Also in Roy v. 1216393 Ontario Inc., 2011 BCCA 500, which is discussed in the previous post, the court briefly considered what is necessary to prove a fraudulent misrepresentation claim. The trial judge dismissed the claim finding that although the plaintiffs proved a misrepresentation made with the intent to deceive them, "the evidence does not establish, on the balance of probabilities, the false statement materially induced the plaintiffs to act to their detriment”.

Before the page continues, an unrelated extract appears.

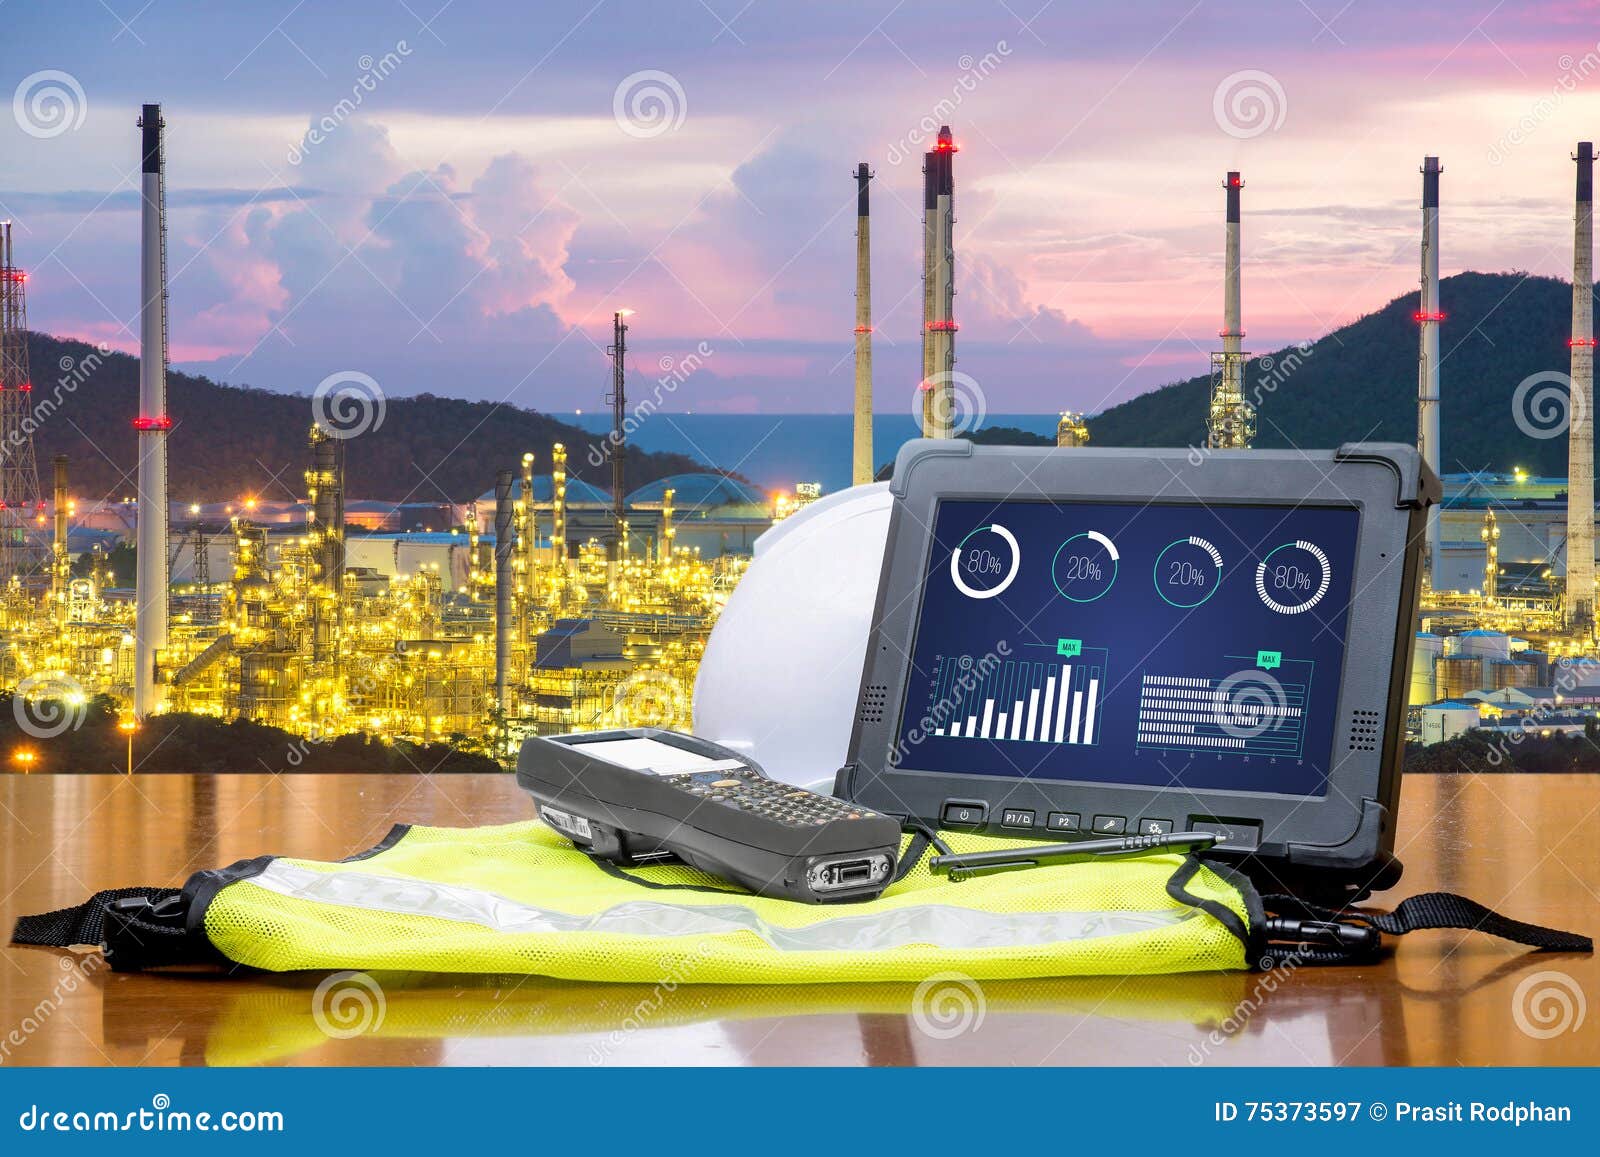 smart factory - rugged computers tablet in front of oil refinery
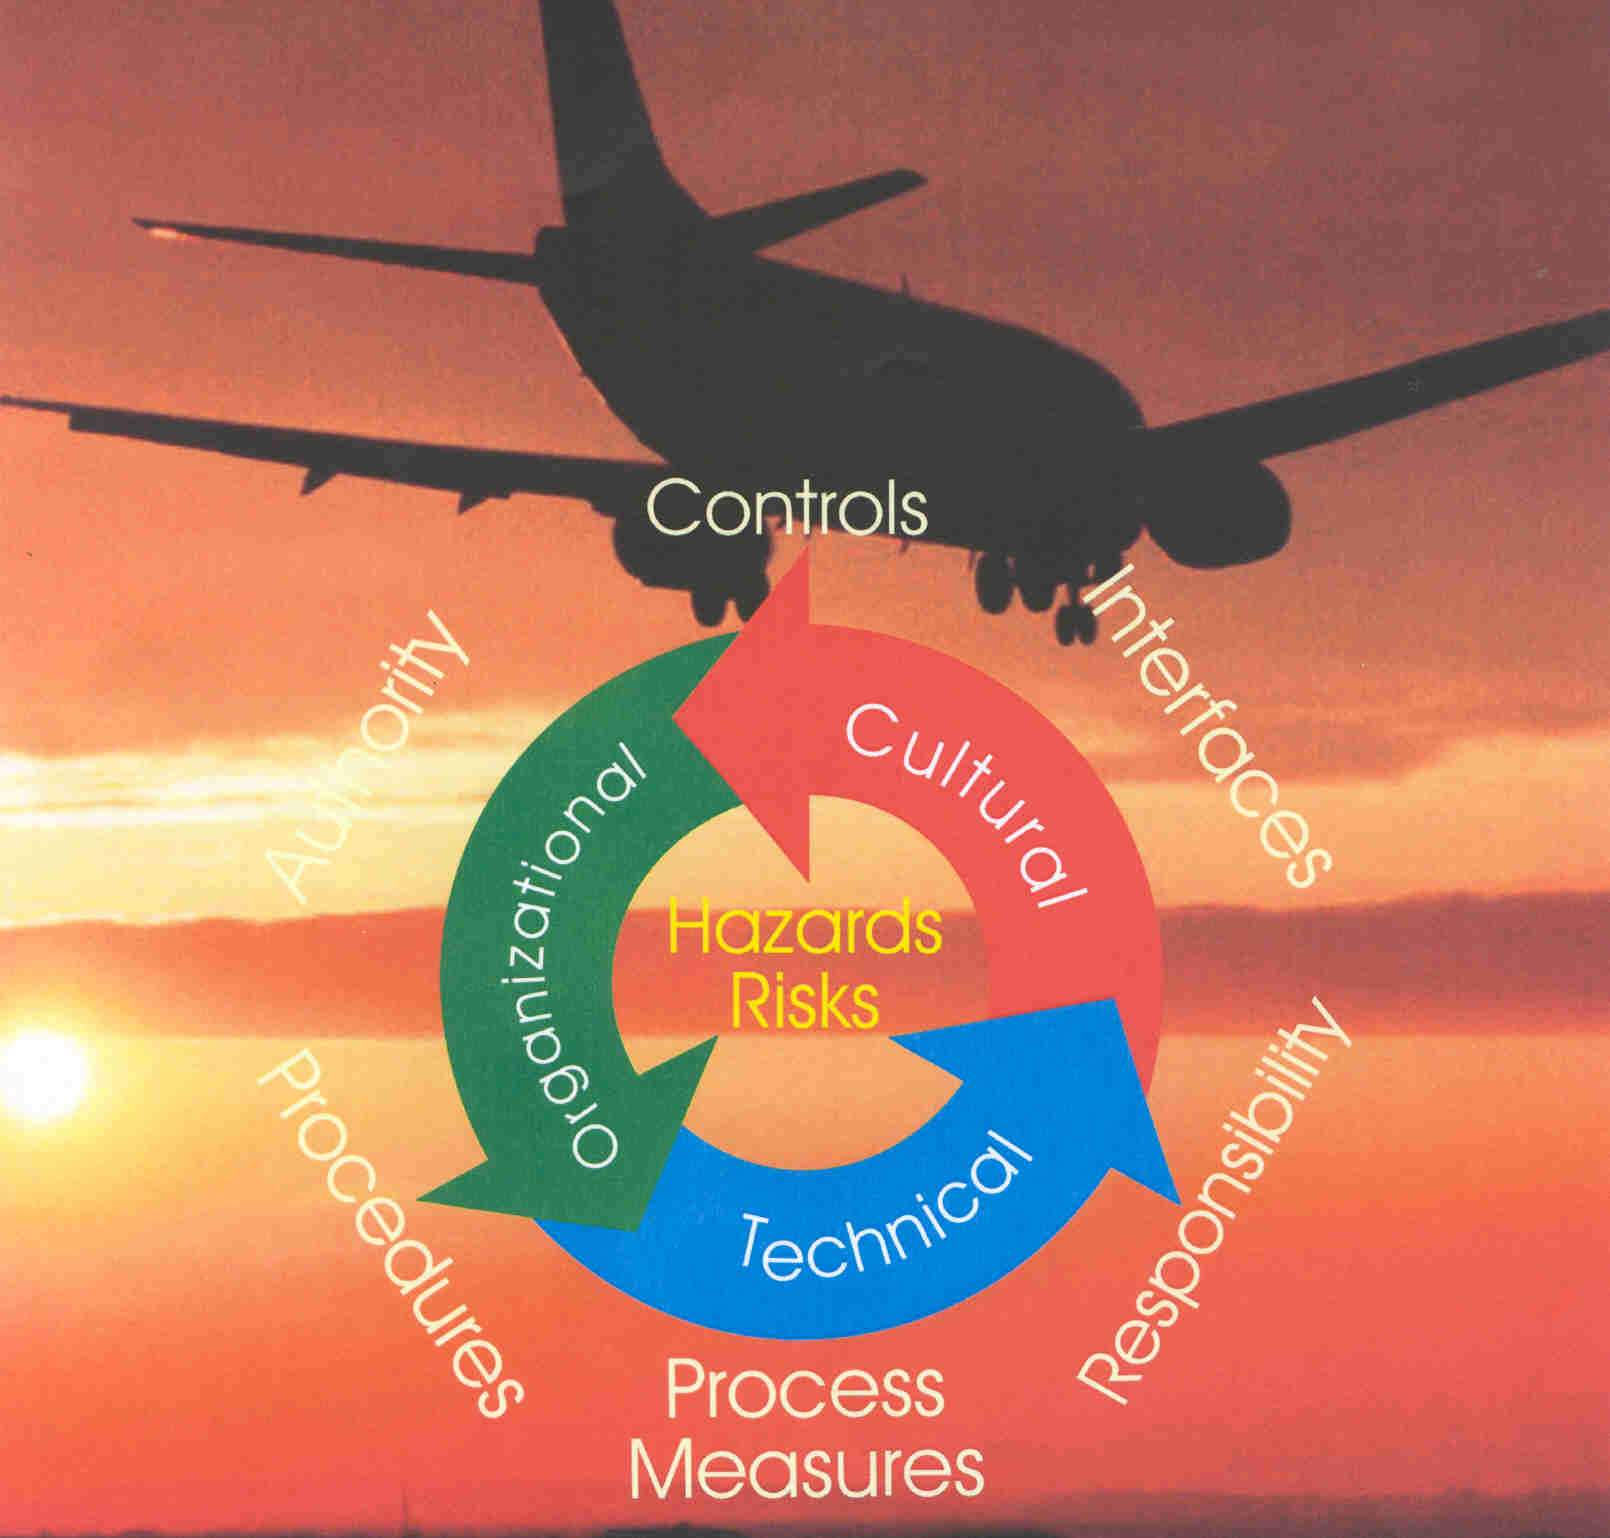 Picture of the FAA system safety componets

The court allowed the plaintiffs' appeal and sent the matter for a new trial, finding that the law in British Columbia is that "intention, materiality and causation of loss are proven, the burden of proving non-reliance shifts to the defendant":
 However, it appears that in reaching his conclusion, the judge was not satisfied that the plaintiffs discharged the burden of proof because he stated that the evidence did not establish “on the balance of probabilities” that the plaintiffs were induced to act to their detriment. The judge’s attention was not drawn to the decision of this Court in Sidhu Estate v. Bains, 1996 CanLII 3332 (BC CA),  10 W.W.R. 590, 25 B.C.L.R. (3d) 41 (C.A.), where, after reviewing the two lines of competing authority, Mr. Justice Finch (as he then was), on behalf of the Court, concluded:
 I think the preferred view of the law in Canada is that once intention, materiality and causation of loss are proven, the burden of proving non-reliance shifts to the defendant. Hence, the onus had shifted to Mr. Kretschmer to prove that the plaintiffs did not rely on his false statement to their detriment. On my reading of his reasons, I am not persuaded that the judge would necessarily have reached the same conclusion if he had appreciated that the onus was on Mr. Kretschmer.
 I would allow the cross appeal and direct that the new trial deal with the issue of Mr. Kretschmer’s liability as well as the Vendor’s liability.